> [Directions]:
Two lines in the listing below mark the span: one contains "New_Tatum_football_coach_Jason_Holman_wa_0_20190508041701" and one contains "Rallycross 2016 - RD6". Reproduce both of them and everything between, exactly.

> [Records to use]:
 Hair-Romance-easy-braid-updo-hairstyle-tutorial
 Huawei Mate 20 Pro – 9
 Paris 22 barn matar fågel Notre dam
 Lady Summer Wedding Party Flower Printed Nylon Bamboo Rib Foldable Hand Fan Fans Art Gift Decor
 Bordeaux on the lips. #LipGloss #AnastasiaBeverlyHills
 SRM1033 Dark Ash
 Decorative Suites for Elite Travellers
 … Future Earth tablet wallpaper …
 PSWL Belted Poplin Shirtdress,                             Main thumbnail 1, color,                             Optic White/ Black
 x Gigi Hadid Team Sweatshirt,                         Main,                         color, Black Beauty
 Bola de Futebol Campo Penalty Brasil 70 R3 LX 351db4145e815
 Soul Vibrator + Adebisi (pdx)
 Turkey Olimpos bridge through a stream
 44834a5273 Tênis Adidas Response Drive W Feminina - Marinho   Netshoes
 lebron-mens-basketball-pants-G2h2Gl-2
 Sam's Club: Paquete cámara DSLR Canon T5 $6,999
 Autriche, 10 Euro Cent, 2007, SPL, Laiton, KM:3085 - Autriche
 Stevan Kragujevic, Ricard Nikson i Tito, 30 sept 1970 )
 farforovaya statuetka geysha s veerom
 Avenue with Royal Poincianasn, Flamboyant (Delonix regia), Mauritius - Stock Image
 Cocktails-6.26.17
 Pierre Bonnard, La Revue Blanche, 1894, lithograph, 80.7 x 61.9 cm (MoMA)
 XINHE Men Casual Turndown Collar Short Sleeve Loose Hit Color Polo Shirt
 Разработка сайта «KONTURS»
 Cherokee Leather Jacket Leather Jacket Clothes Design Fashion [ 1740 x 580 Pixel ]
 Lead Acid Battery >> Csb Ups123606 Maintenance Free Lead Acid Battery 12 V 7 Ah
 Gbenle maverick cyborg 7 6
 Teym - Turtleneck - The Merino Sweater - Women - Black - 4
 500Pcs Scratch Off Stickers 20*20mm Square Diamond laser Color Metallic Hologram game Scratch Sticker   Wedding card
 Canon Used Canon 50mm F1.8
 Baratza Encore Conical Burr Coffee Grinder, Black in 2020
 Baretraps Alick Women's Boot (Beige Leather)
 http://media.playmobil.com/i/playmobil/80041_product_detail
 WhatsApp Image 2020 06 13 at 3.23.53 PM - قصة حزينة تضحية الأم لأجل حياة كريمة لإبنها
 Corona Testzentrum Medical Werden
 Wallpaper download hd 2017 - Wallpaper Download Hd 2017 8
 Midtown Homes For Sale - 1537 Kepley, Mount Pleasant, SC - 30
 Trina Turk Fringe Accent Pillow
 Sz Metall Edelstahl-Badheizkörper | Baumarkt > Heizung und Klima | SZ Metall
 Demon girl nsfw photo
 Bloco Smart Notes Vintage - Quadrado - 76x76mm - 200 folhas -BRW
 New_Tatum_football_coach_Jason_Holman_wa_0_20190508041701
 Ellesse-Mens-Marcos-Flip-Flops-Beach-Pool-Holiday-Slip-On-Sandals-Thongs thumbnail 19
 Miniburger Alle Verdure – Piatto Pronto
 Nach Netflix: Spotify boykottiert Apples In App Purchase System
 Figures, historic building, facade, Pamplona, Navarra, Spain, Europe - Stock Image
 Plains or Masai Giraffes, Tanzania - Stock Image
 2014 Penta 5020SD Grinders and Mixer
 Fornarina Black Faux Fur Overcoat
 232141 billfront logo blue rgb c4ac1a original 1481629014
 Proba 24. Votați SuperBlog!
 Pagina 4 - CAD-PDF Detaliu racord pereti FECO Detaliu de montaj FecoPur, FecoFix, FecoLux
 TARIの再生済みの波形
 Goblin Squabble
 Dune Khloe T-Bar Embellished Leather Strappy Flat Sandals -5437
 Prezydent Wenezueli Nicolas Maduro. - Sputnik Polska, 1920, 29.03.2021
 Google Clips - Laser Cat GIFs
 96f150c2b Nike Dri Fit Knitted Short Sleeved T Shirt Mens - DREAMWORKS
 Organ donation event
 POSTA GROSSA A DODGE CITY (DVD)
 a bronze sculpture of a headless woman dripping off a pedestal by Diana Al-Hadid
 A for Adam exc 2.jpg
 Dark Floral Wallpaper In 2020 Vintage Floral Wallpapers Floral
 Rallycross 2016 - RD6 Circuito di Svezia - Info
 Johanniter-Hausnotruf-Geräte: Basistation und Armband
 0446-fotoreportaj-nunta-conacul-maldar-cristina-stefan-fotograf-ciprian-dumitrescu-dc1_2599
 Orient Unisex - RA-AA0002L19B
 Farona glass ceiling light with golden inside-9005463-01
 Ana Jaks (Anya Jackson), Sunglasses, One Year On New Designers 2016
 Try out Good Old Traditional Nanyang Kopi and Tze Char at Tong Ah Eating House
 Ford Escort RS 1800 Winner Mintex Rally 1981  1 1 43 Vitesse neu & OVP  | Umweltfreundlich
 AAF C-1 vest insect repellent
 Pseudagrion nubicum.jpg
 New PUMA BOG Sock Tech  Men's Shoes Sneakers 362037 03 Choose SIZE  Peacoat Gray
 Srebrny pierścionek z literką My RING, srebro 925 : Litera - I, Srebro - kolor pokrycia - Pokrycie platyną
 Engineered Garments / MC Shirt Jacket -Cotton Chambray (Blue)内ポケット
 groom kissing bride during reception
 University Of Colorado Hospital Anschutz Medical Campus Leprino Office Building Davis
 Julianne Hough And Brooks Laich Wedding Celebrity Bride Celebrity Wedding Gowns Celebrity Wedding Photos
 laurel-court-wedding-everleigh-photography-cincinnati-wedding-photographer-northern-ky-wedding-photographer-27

> [Result for this exercise]:
 New_Tatum_football_coach_Jason_Holman_wa_0_20190508041701
 Ellesse-Mens-Marcos-Flip-Flops-Beach-Pool-Holiday-Slip-On-Sandals-Thongs thumbnail 19
 Miniburger Alle Verdure – Piatto Pronto
 Nach Netflix: Spotify boykottiert Apples In App Purchase System
 Figures, historic building, facade, Pamplona, Navarra, Spain, Europe - Stock Image
 Plains or Masai Giraffes, Tanzania - Stock Image
 2014 Penta 5020SD Grinders and Mixer
 Fornarina Black Faux Fur Overcoat
 232141 billfront logo blue rgb c4ac1a original 1481629014
 Proba 24. Votați SuperBlog!
 Pagina 4 - CAD-PDF Detaliu racord pereti FECO Detaliu de montaj FecoPur, FecoFix, FecoLux
 TARIの再生済みの波形
 Goblin Squabble
 Dune Khloe T-Bar Embellished Leather Strappy Flat Sandals -5437
 Prezydent Wenezueli Nicolas Maduro. - Sputnik Polska, 1920, 29.03.2021
 Google Clips - Laser Cat GIFs
 96f150c2b Nike Dri Fit Knitted Short Sleeved T Shirt Mens - DREAMWORKS
 Organ donation event
 POSTA GROSSA A DODGE CITY (DVD)
 a bronze sculpture of a headless woman dripping off a pedestal by Diana Al-Hadid
 A for Adam exc 2.jpg
 Dark Floral Wallpaper In 2020 Vintage Floral Wallpapers Floral
 Rallycross 2016 - RD6 Circuito di Svezia - Info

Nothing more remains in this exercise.